■ WHAT IS EXPECTED: Once the pictures are removed, restate the data below word for word.

■ RECORDED DATA:
::::::

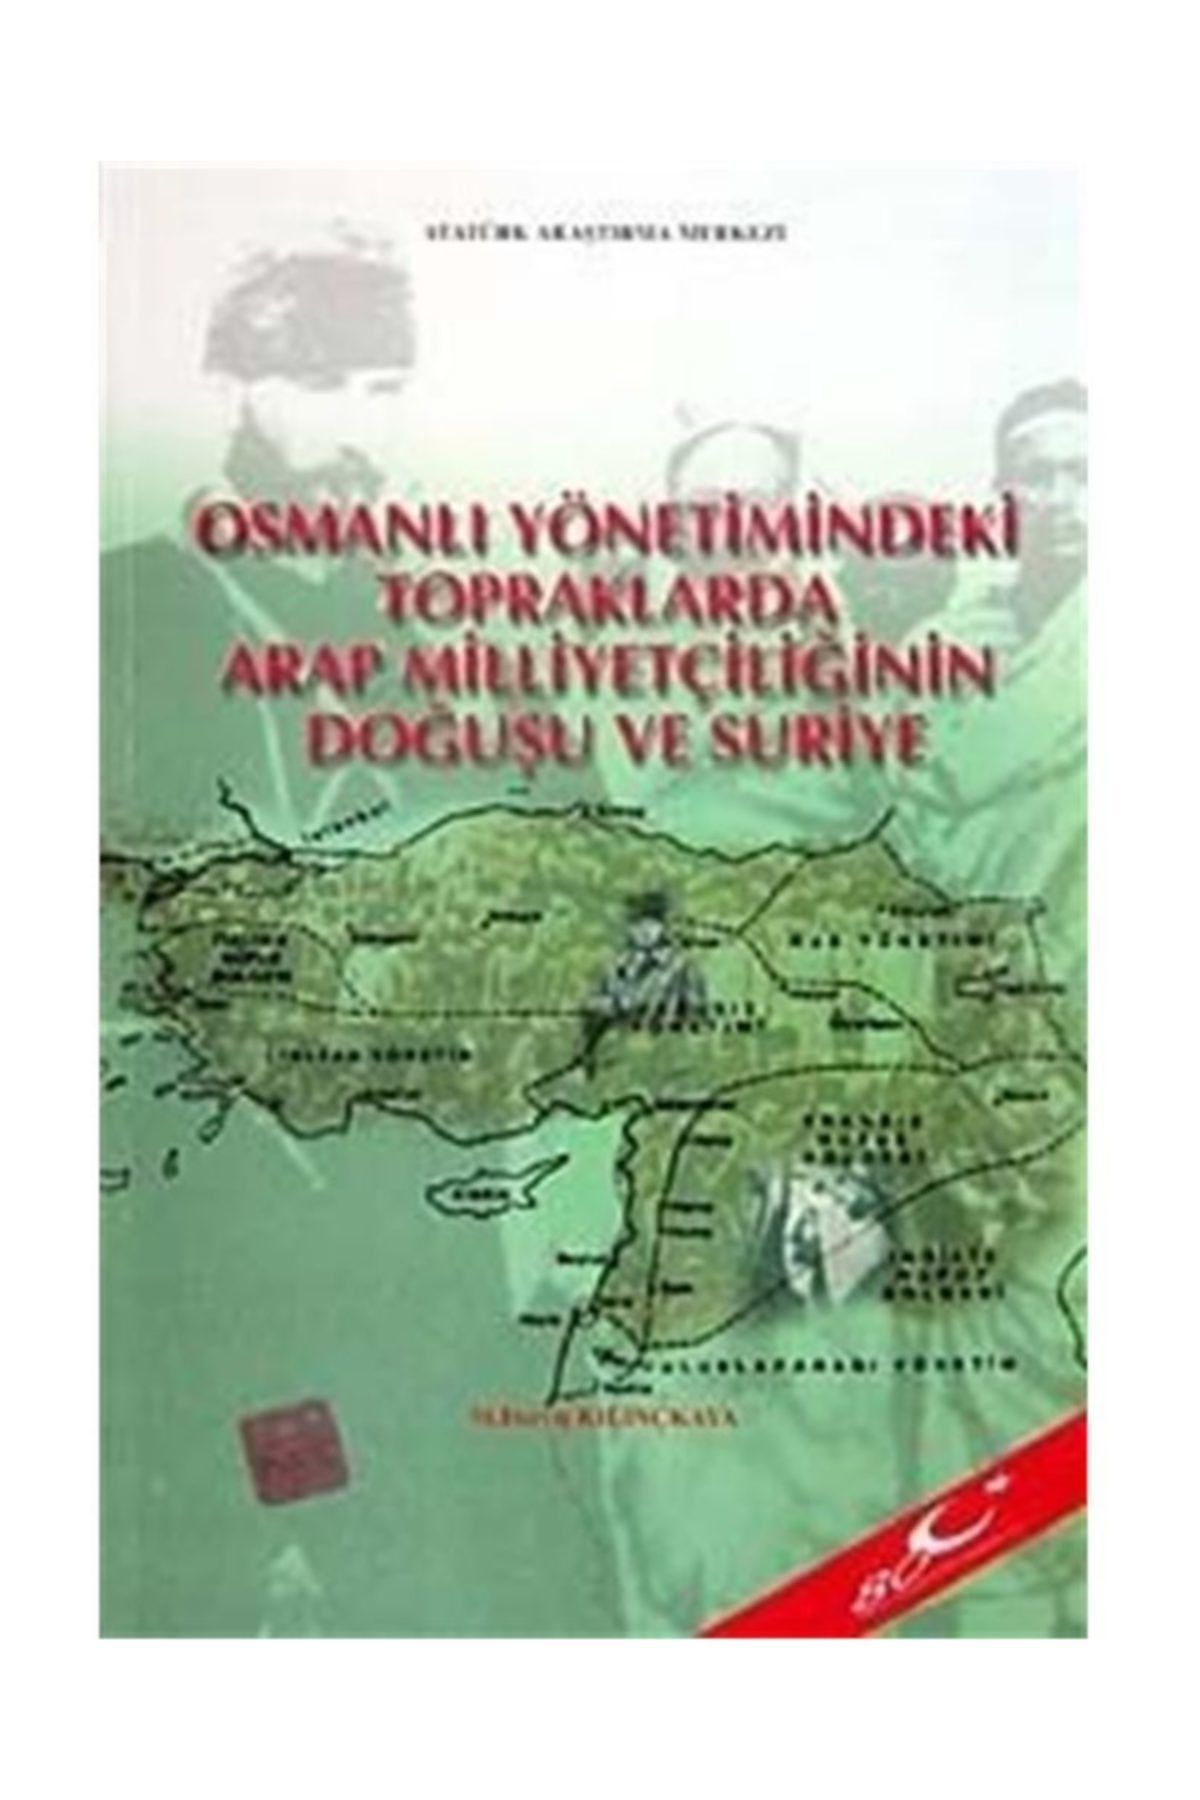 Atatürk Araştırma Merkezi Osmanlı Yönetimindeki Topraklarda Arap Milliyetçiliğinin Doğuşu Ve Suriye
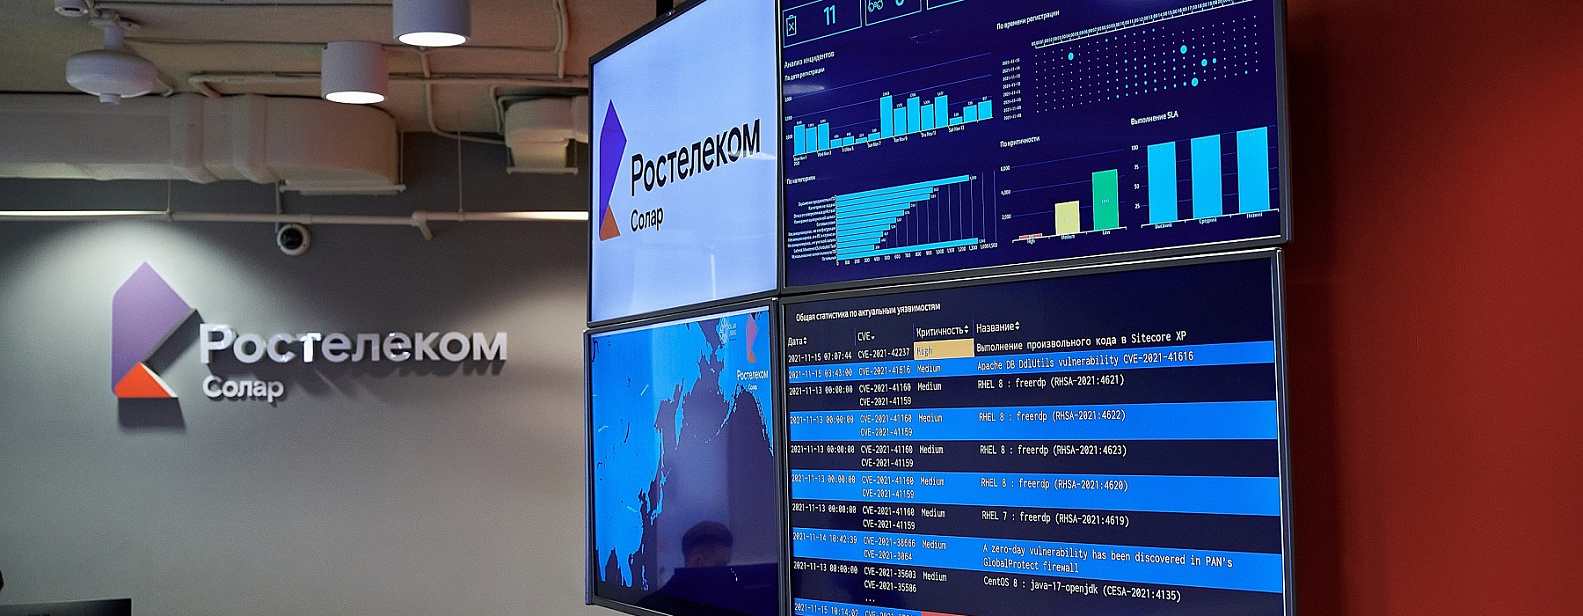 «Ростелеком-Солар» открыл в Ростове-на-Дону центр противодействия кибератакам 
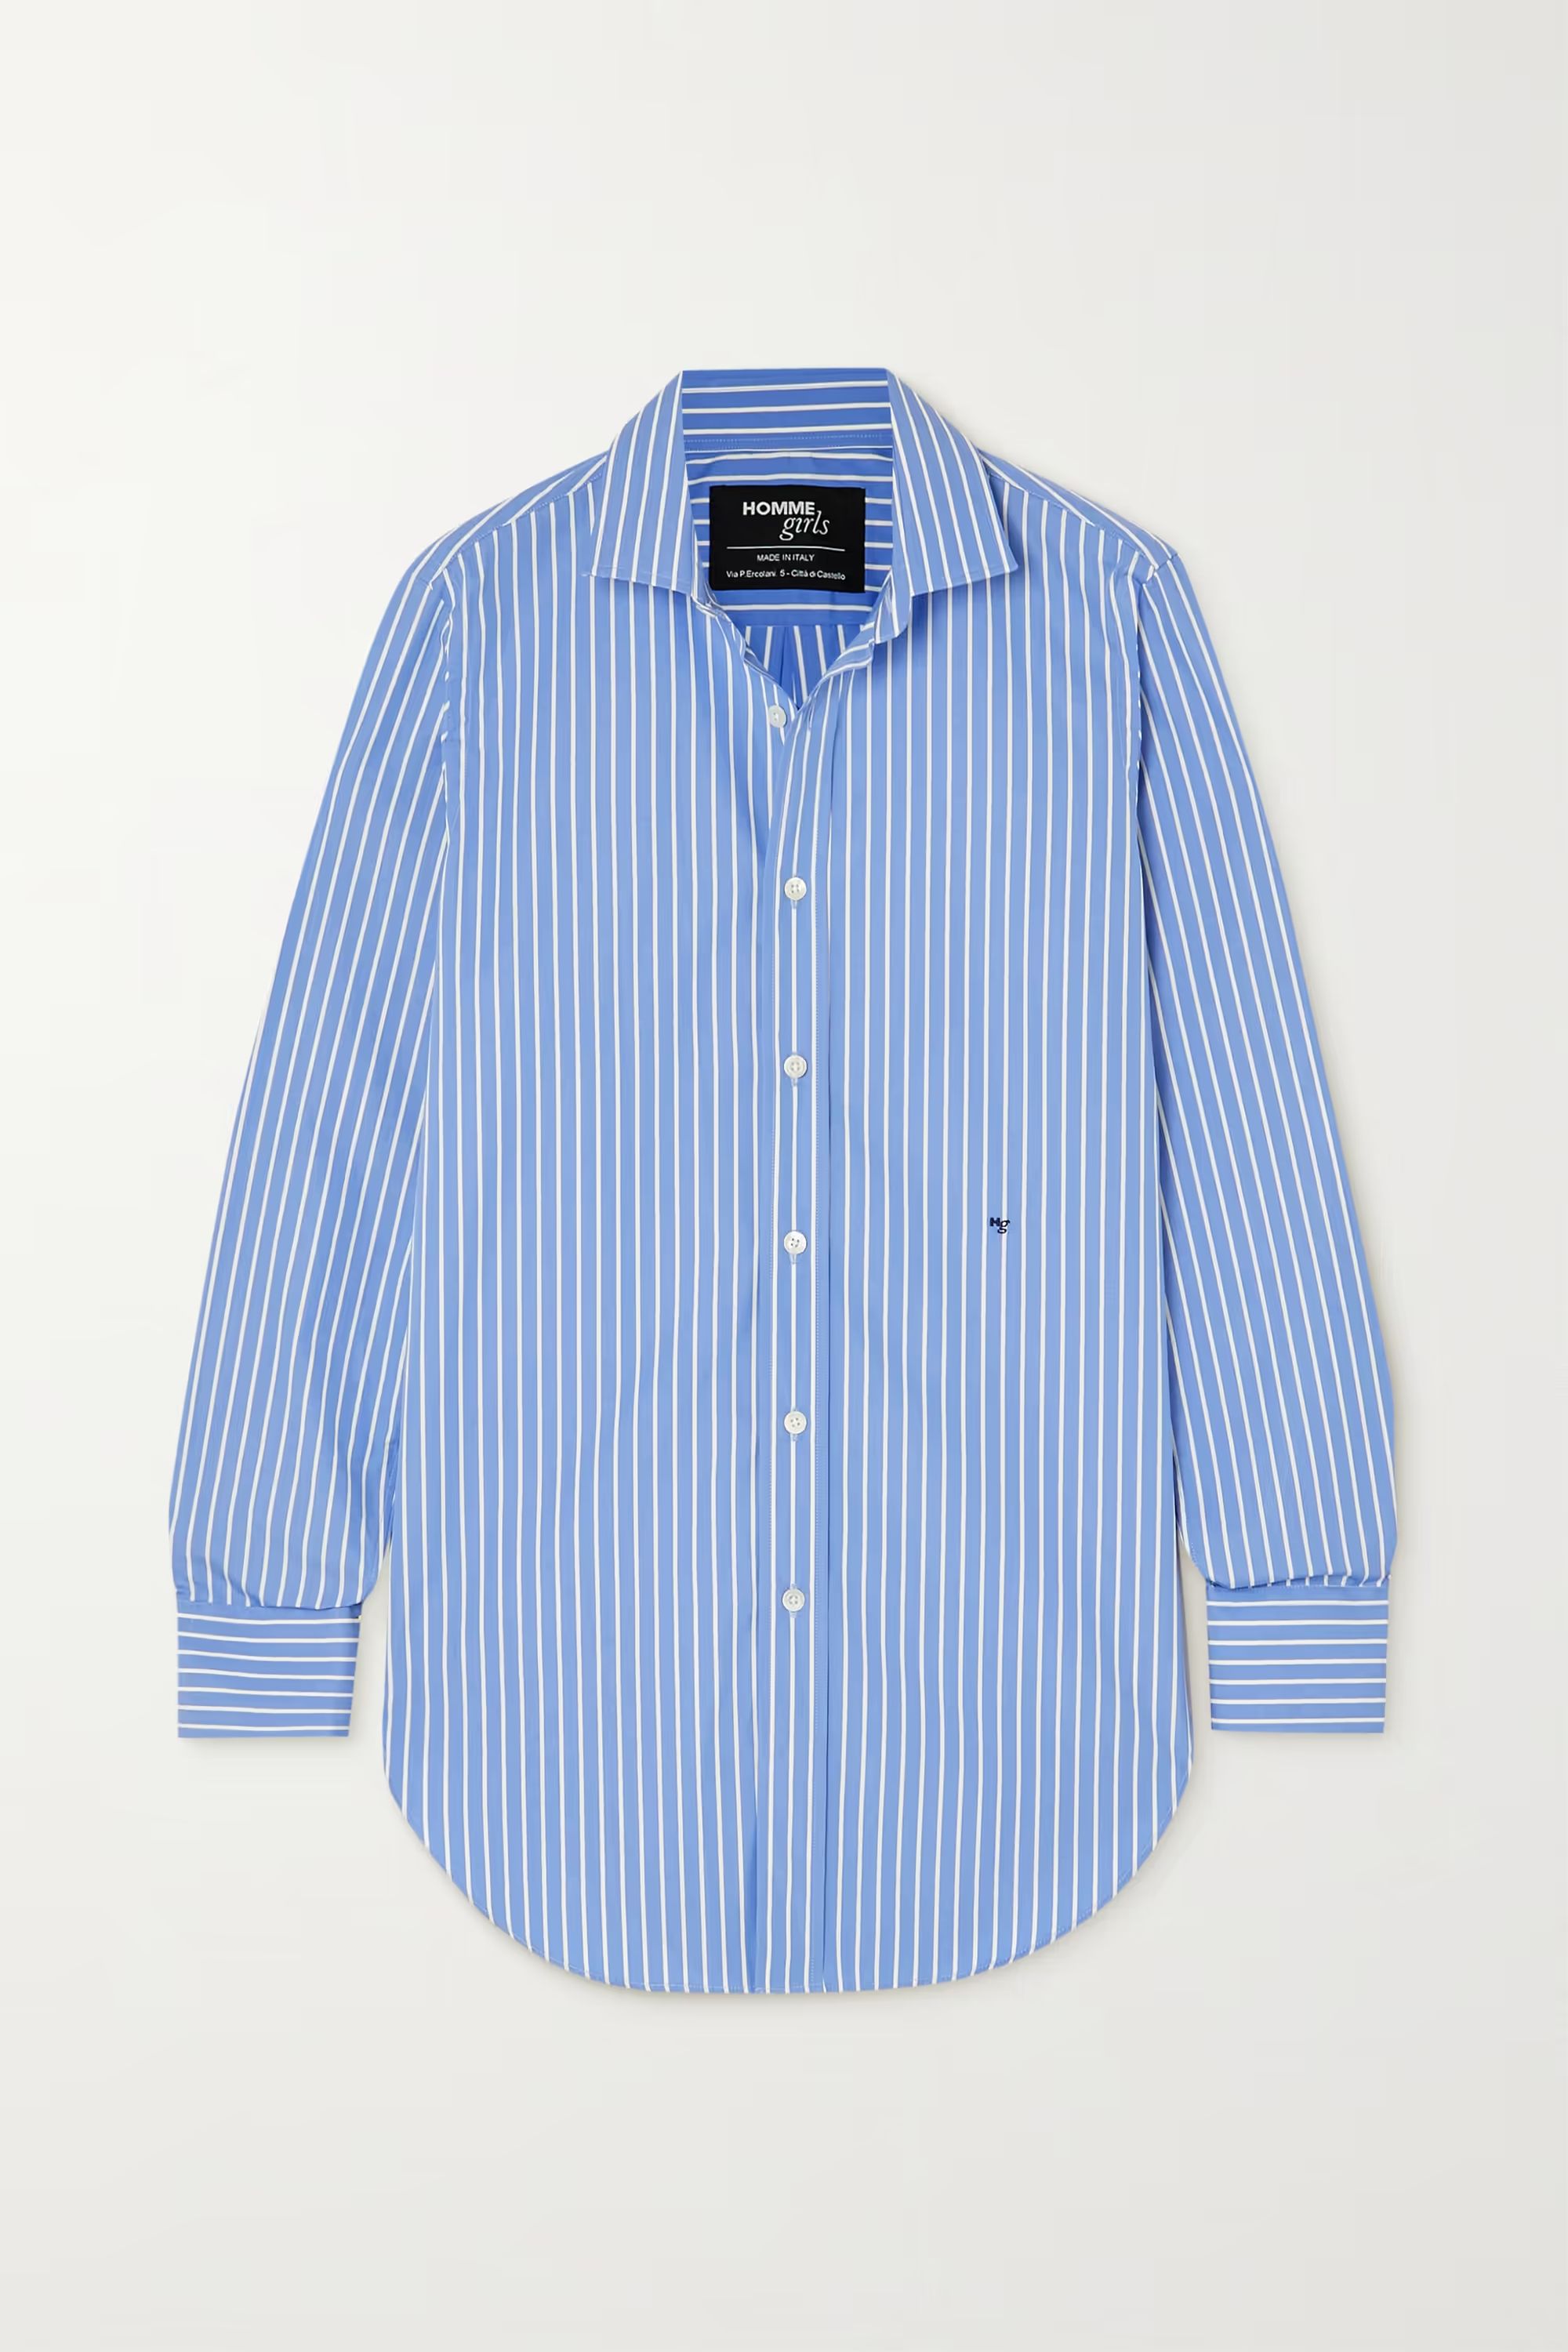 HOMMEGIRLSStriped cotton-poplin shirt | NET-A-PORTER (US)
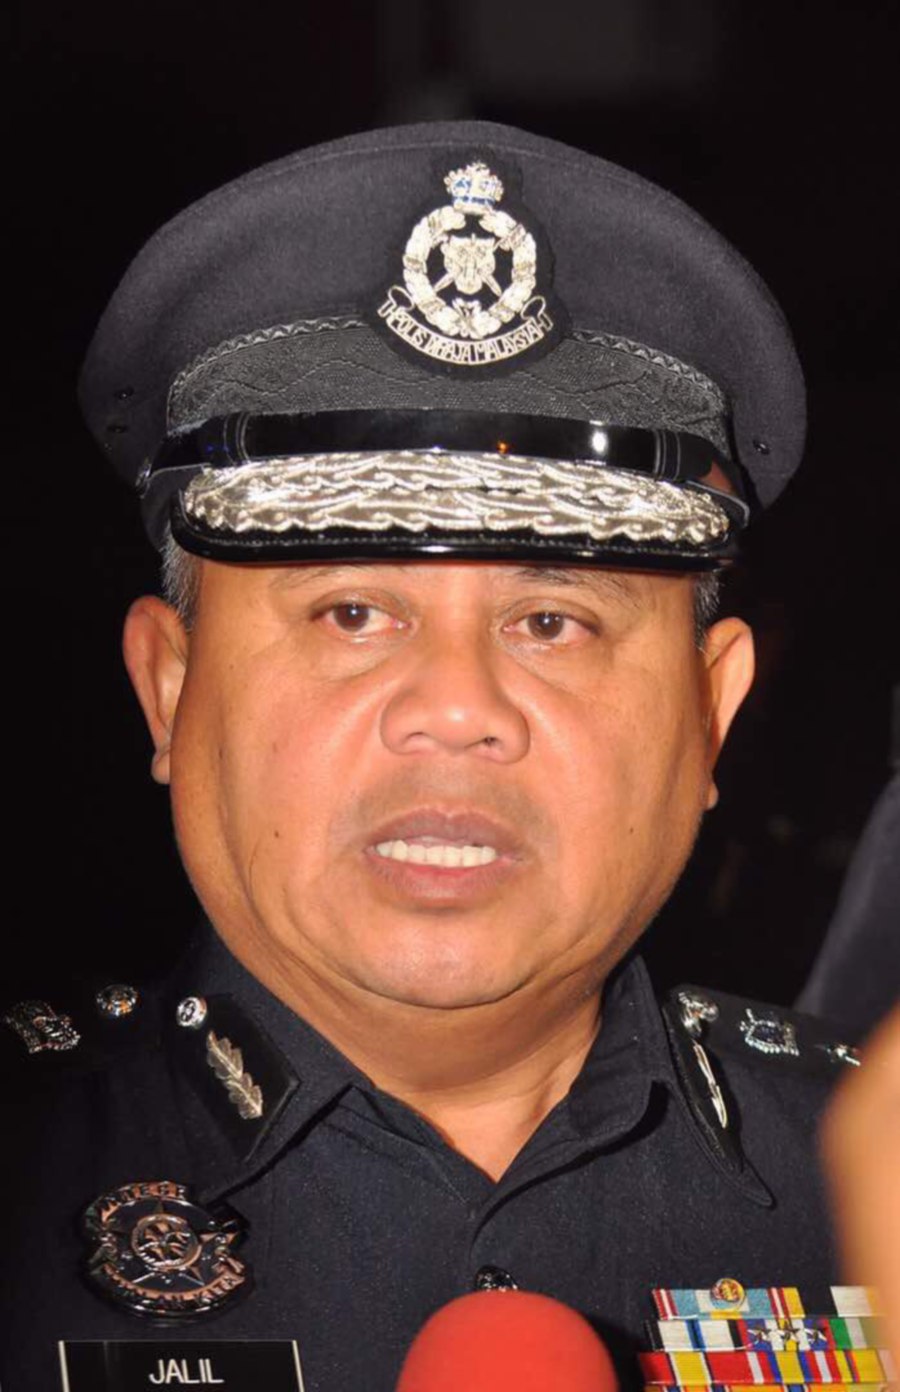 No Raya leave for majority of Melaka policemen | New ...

::::::

■ ANSWER SPACE:
 Atatürk Araştırma Merkezi Osmanlı Yönetimindeki Topraklarda Arap Milliyetçiliğinin Doğuşu Ve Suriye
 «Ростелеком-Солар» открыл в Ростове-на-Дону центр противодействия кибератакам 
 HOMMEGIRLSStriped cotton-poplin shirt | NET-A-PORTER (US)
 No Raya leave for majority of Melaka policemen | New ...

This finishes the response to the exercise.